= Cuttalossa, Pennsylvania =

Unincorporated hamlet in Pennsylvania, U.S.

Cuttalossa is an unincorporated hamlet in Solebury Township, just downriver from Lumberville, Pennsylvania. It sits at the confluence of a creek that runs through an unusually beautiful small valley and that feeds into the Delaware Division of the Pennsylvania Canal, an old barge canal formerly used for transporting coal and cement from Northern Pennsylvania to Philadelphia. The canal is now the Delaware Canal State Park.

Although it is tiny, it previously had several mills along the creek including one that milled railroad ties and it also had two quarries along the canal. Cuttalosa had been the site of a ferry across the Delaware River. Later one of the stone quarries operated a cable tram to convey rock across the river to the railroad on the New Jersey side of the river.

The hamlet is also identified as Lumberton, although it was commonly called Cuttalossa after the creek that runs through it. In the past, the community had bourne the name of several of the operators of the ferry (Roses Ferry, Thorne's Ferry, Warner's Ferry, and Painter's Ferry). From 1819 until 1833 it was named Hard Times after a long standing tavern. For many years, the tavern has been a private residence and ironically, the principal mill has been a fine restaurant and bar.

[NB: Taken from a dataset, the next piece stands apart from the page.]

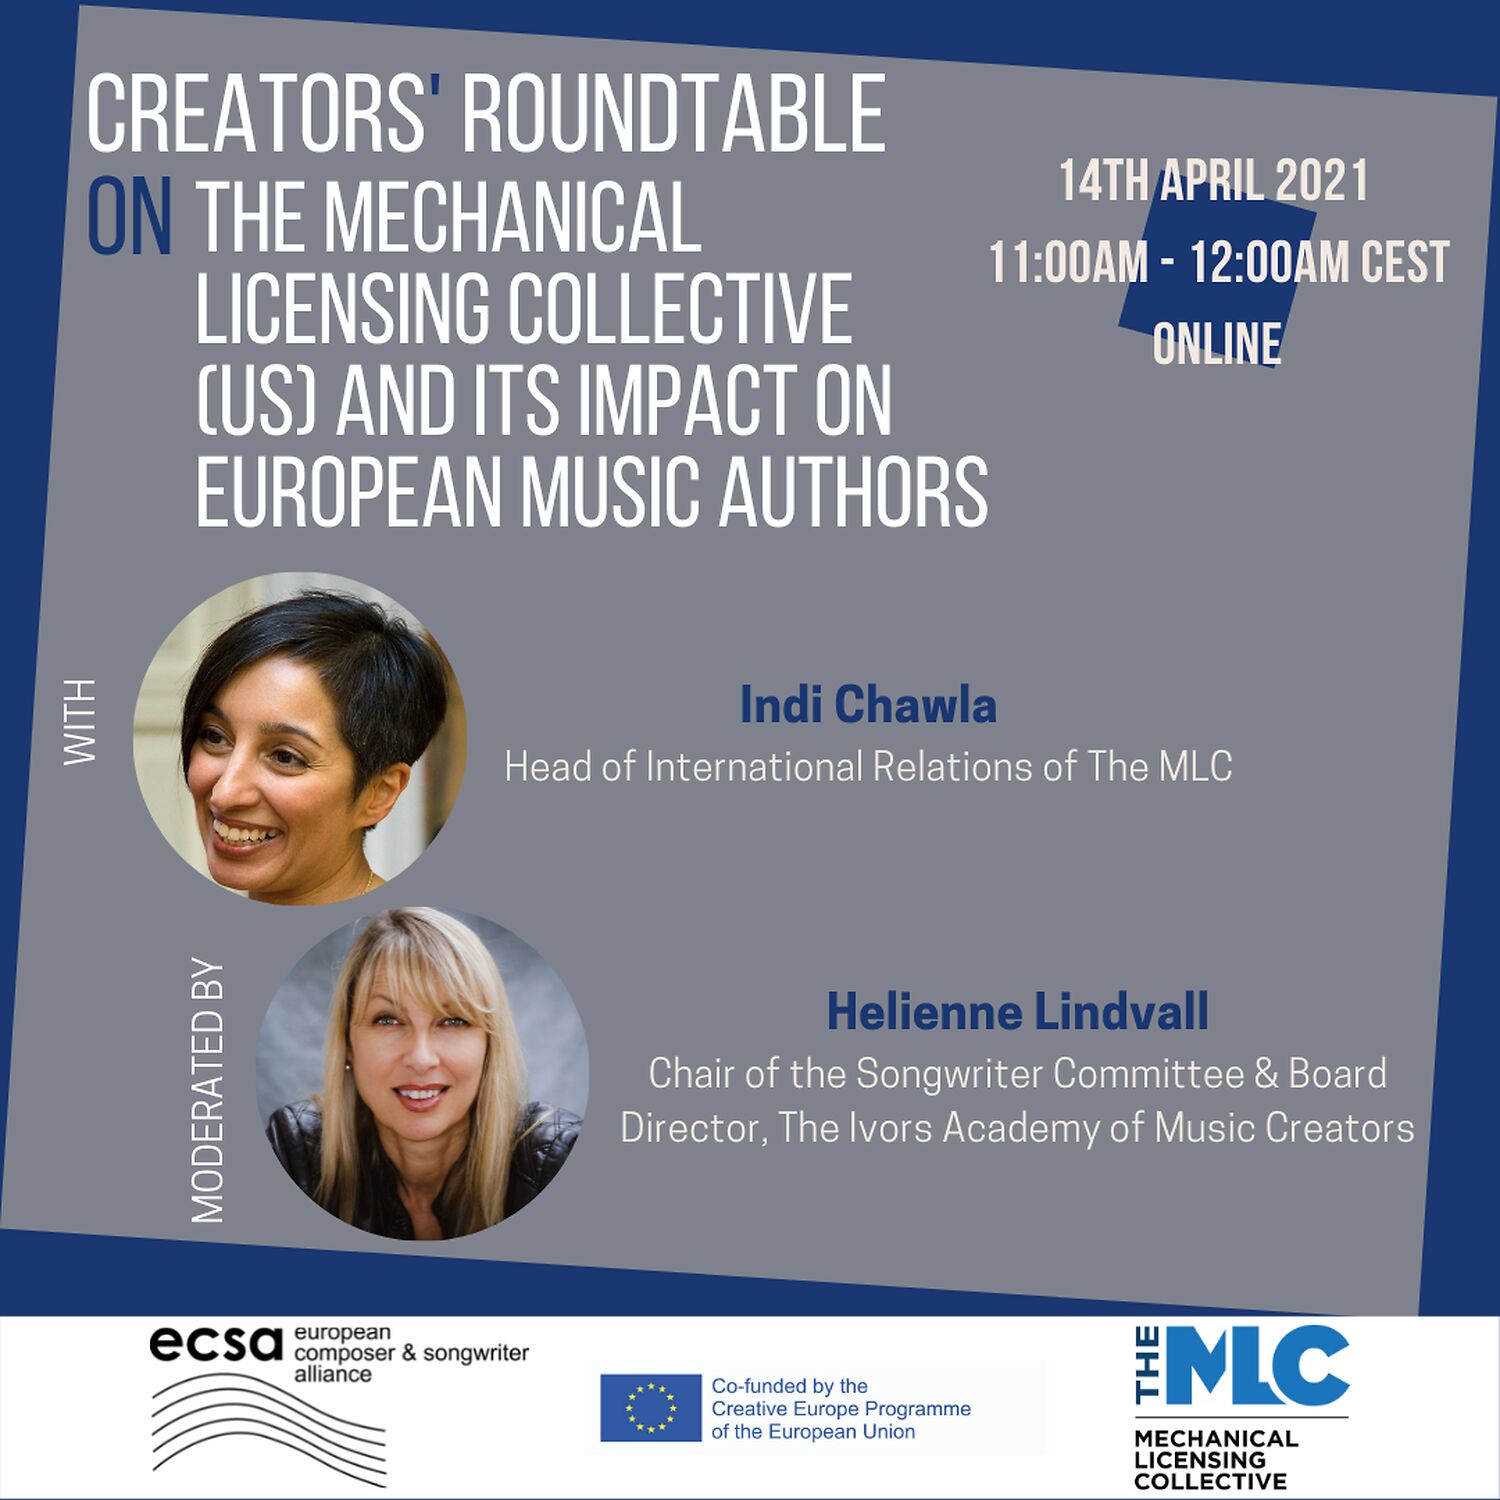 Creators' Roundtable on the Mechanical Licensing Collective (MLC) and its impact on European Music Authors

Perhaps the most famous resident of the hamlet was Col. Zebulon Pike of Pike's Peak fame who spent his childhood there. Cuttalossa was also home to the artists Daniel Garber and William F. Taylor. Taylor also founded the Cuttaloosa Inn and during the late 1940s and early 1950s was one of the prime movers and shakers in saving the old barge canal and having it restored and refilled.